On Apr 12, 2016 7:17 PM, "Antony Lee" <antony.lee at berkeley.edu> wrote:
> This kind of issue (see also https://github.com/numpy/numpy/issues/3511)
> has become more annoying now that indexing requires integers (indexing with
> a float raises a VisibleDeprecationWarning).
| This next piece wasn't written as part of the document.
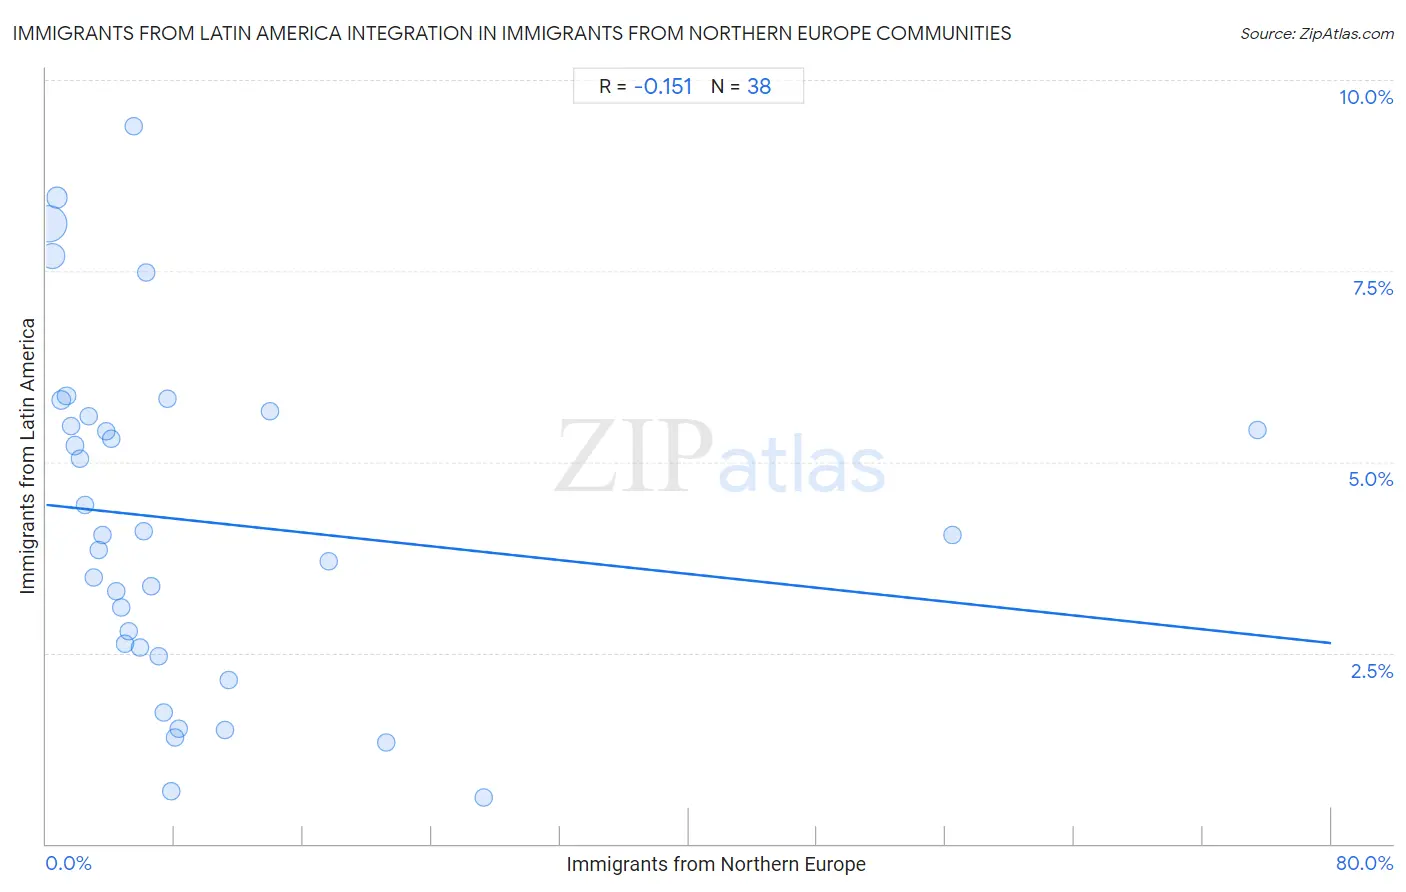 Immigrants from Northern Europe Integration in Immigrants from Latin America Communities

The argument "dividing an
> uint by an int may give a result that does not fit in an uint nor in an
> int" does not sound very convincing to me, after all even adding two
> (sized) ints may give a result that does not fit in the same size, but
> numpy does not upcast everything there:
> In : np.int32(2**31 - 1) + np.int32(2**31 - 1)
> Out: -2
> In : type(np.int32(2**31 - 1) + np.int32(2**31 - 1))
> Out: numpy.int32
> I'd think that overflowing operations should just overflow (and possibly
> raise a warning via the seterr mechanism), but their possibility should not
> be an argument for modifying the output type.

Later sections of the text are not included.